7. The rotary device of claim 6, wherein the cut-outs in the base are part-circular or semi-circular in cross-section.

8. The rotary device of claim 6, wherein the base comprises at least four cut-outs.

9. The rotary device of claim 1, wherein the rotor comprises at least four dividers and at least four passages defined therebetween, or wherein the rotor comprises at least six dividers and at least six passages defined therebetween.

10. The rotary device of claim 1, wherein each passage comprises a second outlet in the roof of the rotor.

11. The rotary device of claim 10, wherein each second outlet is a cut-out extending inwardly from the outer periphery of the roof, and optionally wherein the cut-out is part circular or semi-circular in cross-section.

12. The rotary device of claim 10, wherein an inner surface of the roof comprises a groove extending between the central chamber and at least one second outlet.

13. The rotary device of claim 1, wherein an inner surface of the roof comprises a flow-directing member for channeling gas bubbles in the roof down into the central chamber and towards the base of the rotor.

14. The rotary device of claim 1, wherein the rotor is made from an isostatic pressed refractory material.
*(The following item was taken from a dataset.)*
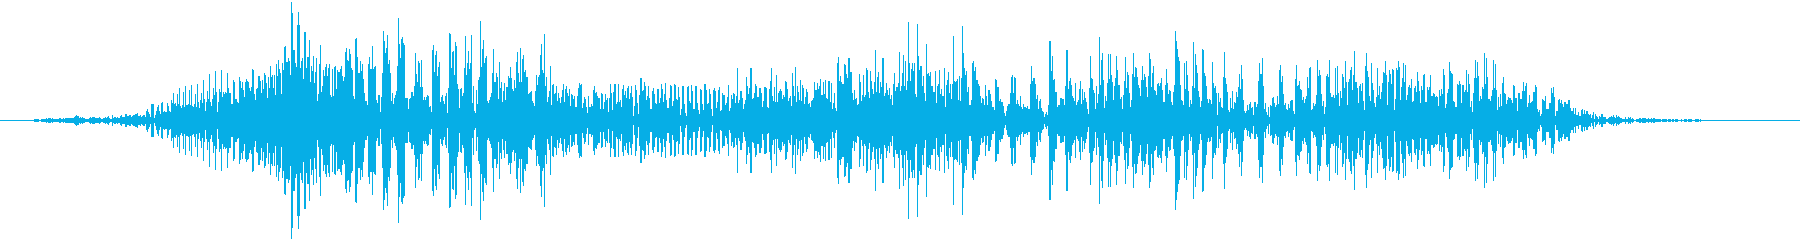 空腹でお腹がグウと鳴る音04の再生済みの波形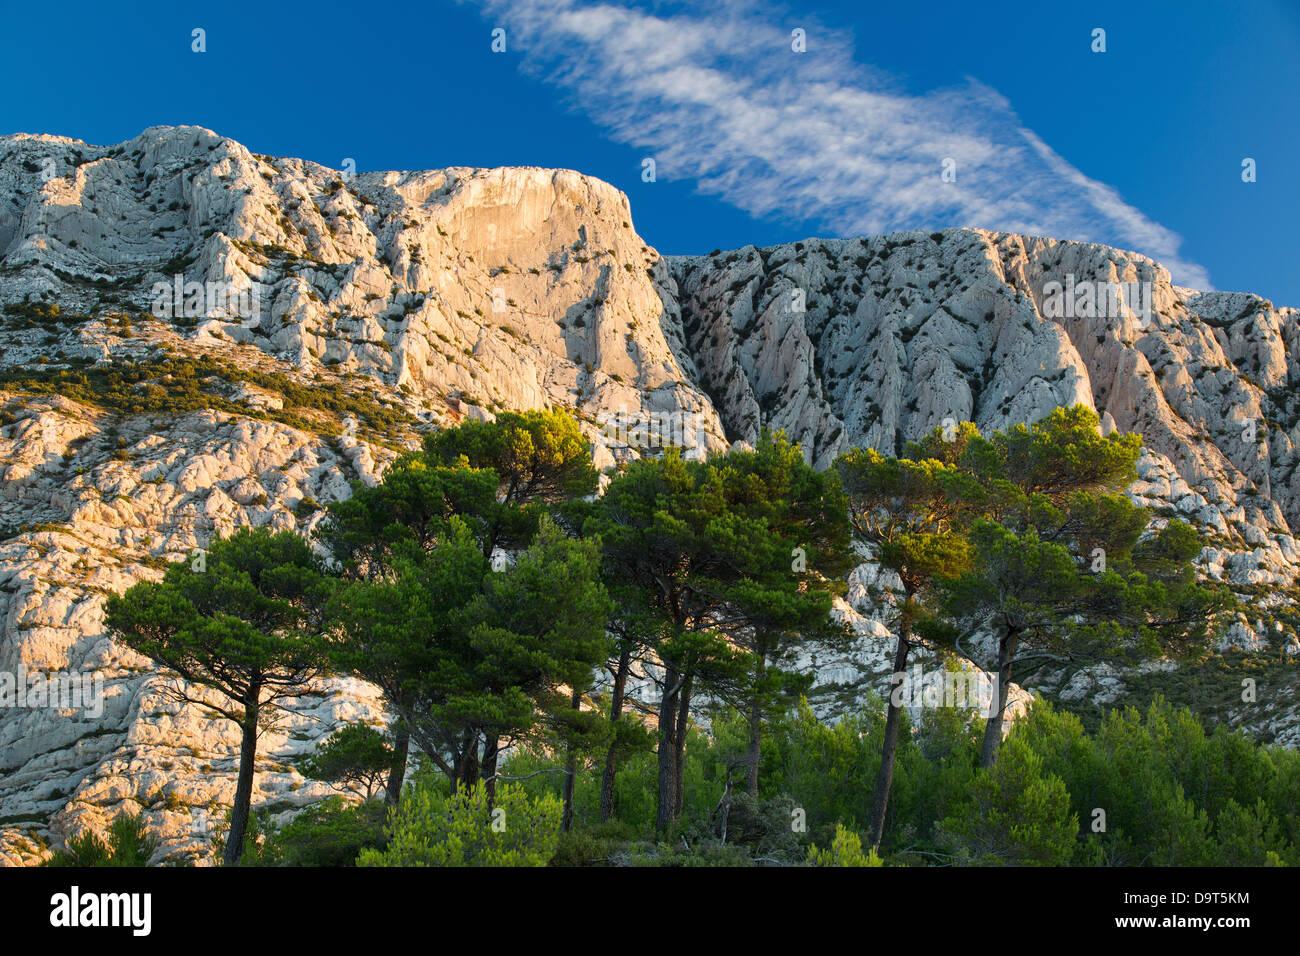 Montagne Ste Victoire all'alba, Var, Provenza, Francia Immagini Stock

15. A rotor for use in the rotary device of claim 1.

Description

BRIEF DESCRIPTION OF THE DRAWINGS

[0055] FIG. 1 shows a prior art rotor as described in WO2004/057045;

[0056] FIGS. 2a-c show an embodiment of a rotor for use with the first aspect of the invention;

[0057] FIG. 3 shows another embodiment of a rotor for use with the first aspect of the invention:

[0058] FIG. 4 shows an embodiment of a rotor for use with the second aspect of the invention;

[0059] FIG. 5 shows an embodiment of a rotor for use with the third aspect of the invention

[0060] FIG. 6 is a graph comparing the torque of three different rotor designs;

[0061] FIG. 7 is a chart comparing the change in water surface level;

[0062] FIG. 8 shows three graphs comparing the mixing efficiency of three different rotor designs;

[0063] FIG. 9 is a graph comparing the degassing efficiency;

[0064] FIGS. 10a-c show three graphs comparing the effect of various different features on degassing efficiency;

[0065] FIG. 11 is a graph comparing the bubble mass transfer of five different rotor designs;

[0066] FIG. 12 is a graph comparing the surface mass transfer of five different rotor designs;

[0067] FIGS. 13a-b show two graphs comparing the degassing efficiency of five different rotor designs; and

[0068] FIG. 14 is a graph comparing the degassing efficiency of two rotor designs.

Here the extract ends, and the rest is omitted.